WHAT IS EXPECTED
Transcribe the data in full and exactly, omitting any pictures.

COLLECTED DATA
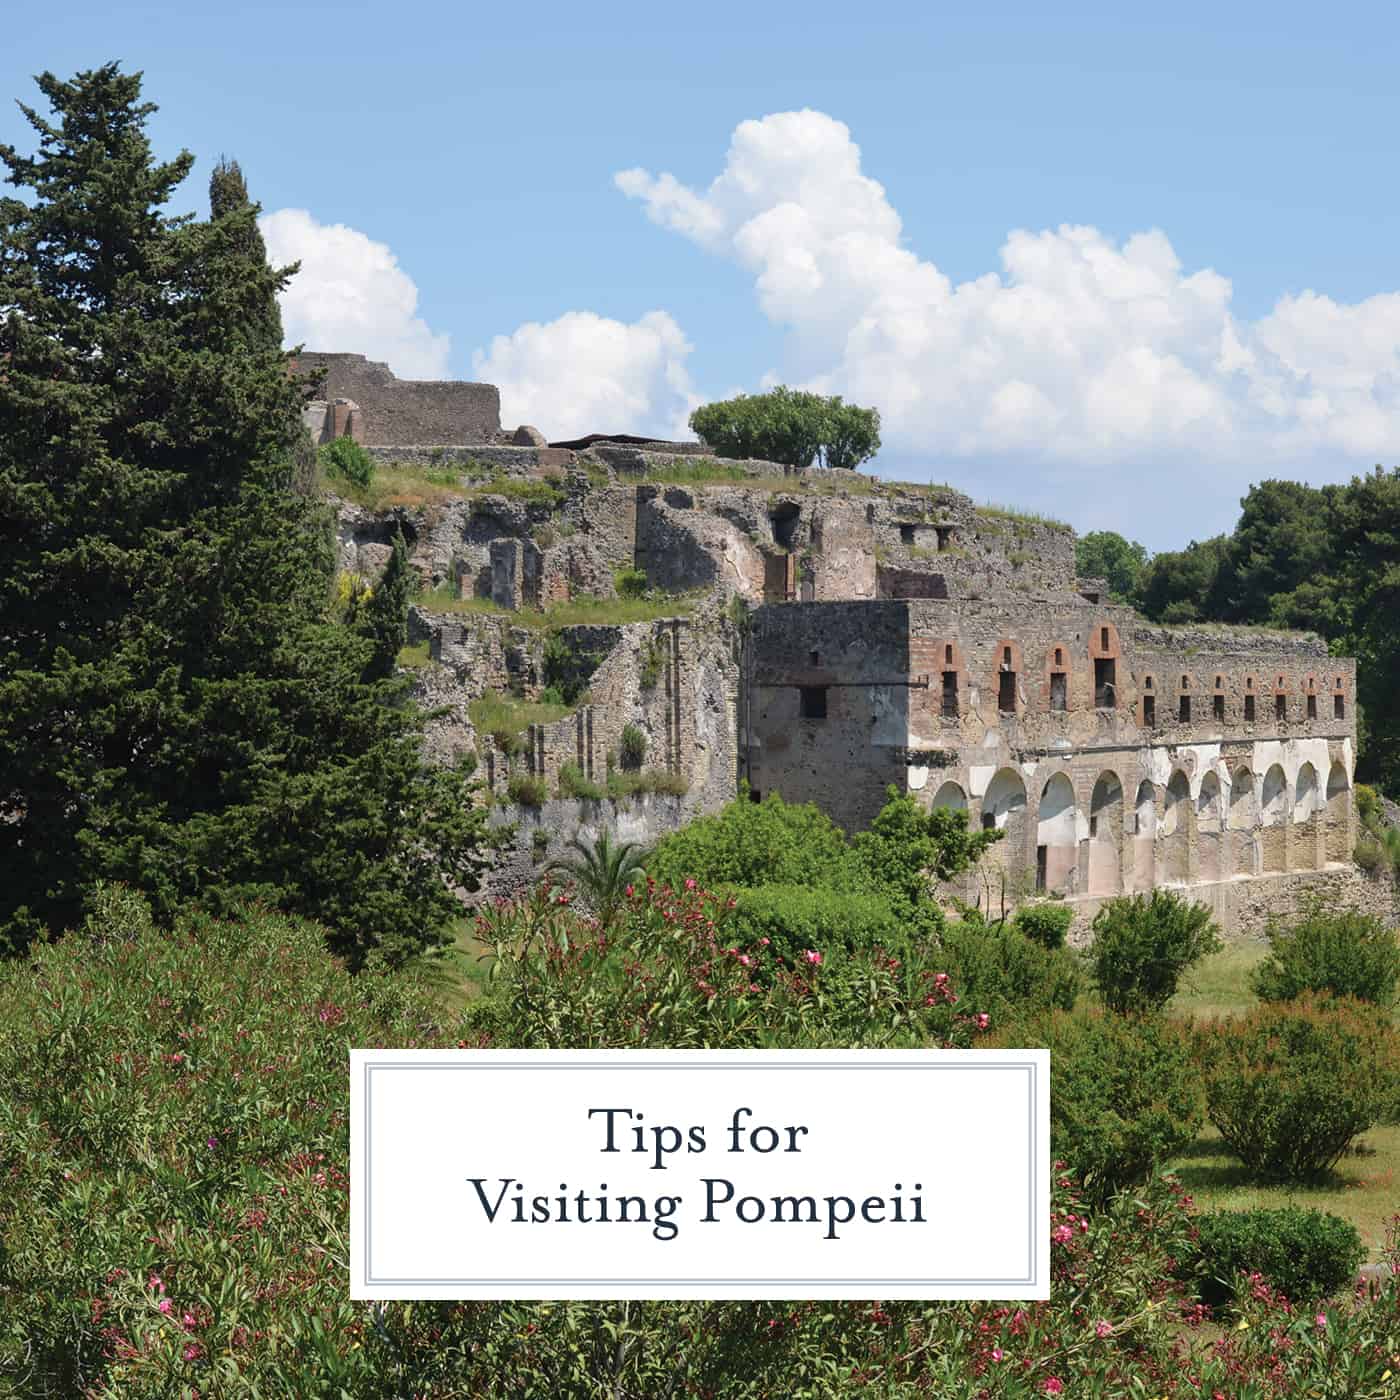 Tips for planning your Visit to Pompeii, the archeological site on the outskirts of Naples at the base of Mount Vesuvius. #pompeii www.savoryexperiments.com
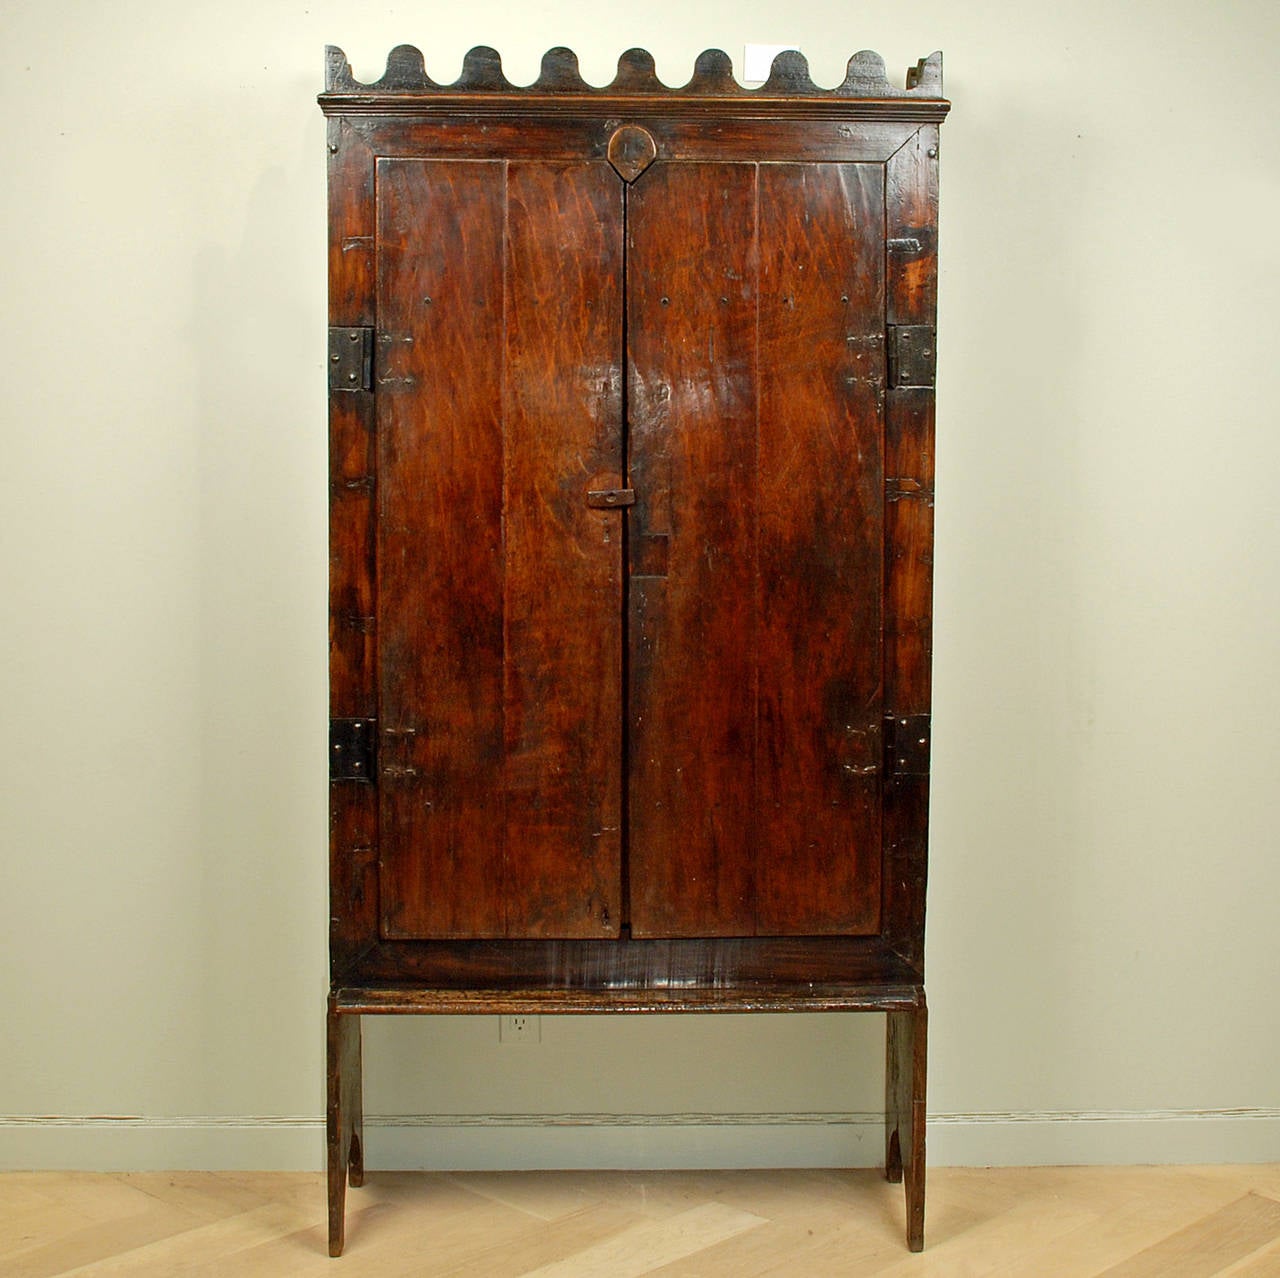 A very rare late 18th / early 19th century Portuguese / Brazilian trastero (pantry cabinet) with scalloped cornice over two doors, all raised on block feet. Rich and lustrous Brazilian jacaranda wood (Brazilian rosewood) with original iron hinges
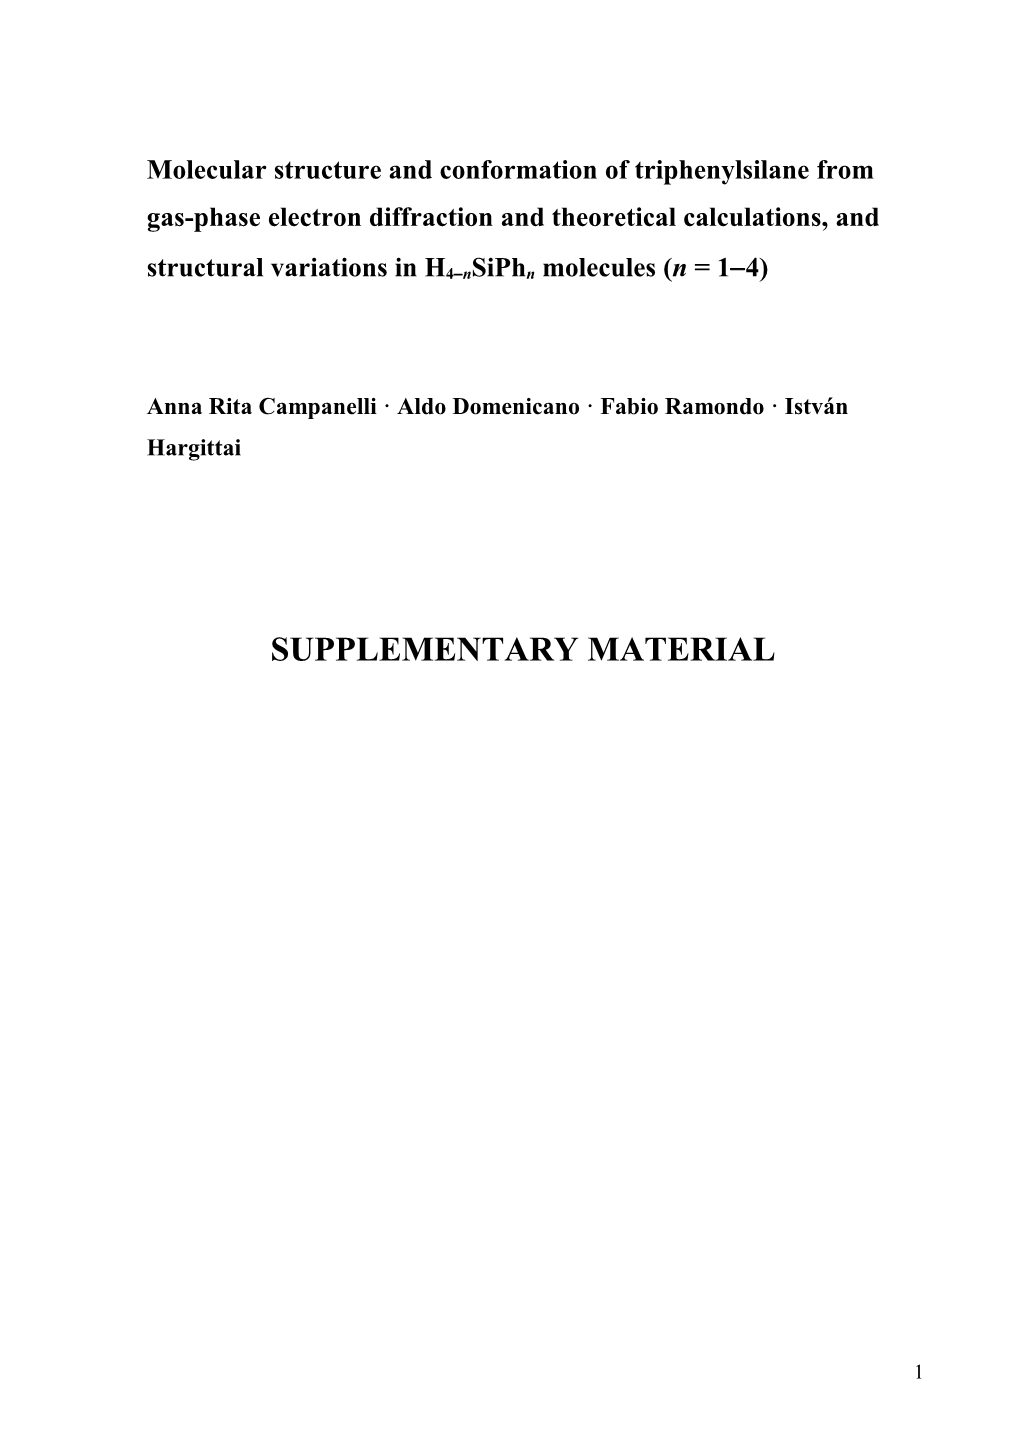 Table 3 Molecular Geometrya of Triphenylsilane: Comparison of Experimental and Theoretical

SOLUTION
 Tips for planning your Visit to Pompeii, the archeological site on the outskirts of Naples at the base of Mount Vesuvius. #pompeii www.savoryexperiments.com
 A very rare late 18th / early 19th century Portuguese / Brazilian trastero (pantry cabinet) with scalloped cornice over two doors, all raised on block feet. Rich and lustrous Brazilian jacaranda wood (Brazilian rosewood) with original iron hinges
 Table 3 Molecular Geometrya of Triphenylsilane: Comparison of Experimental and Theoretical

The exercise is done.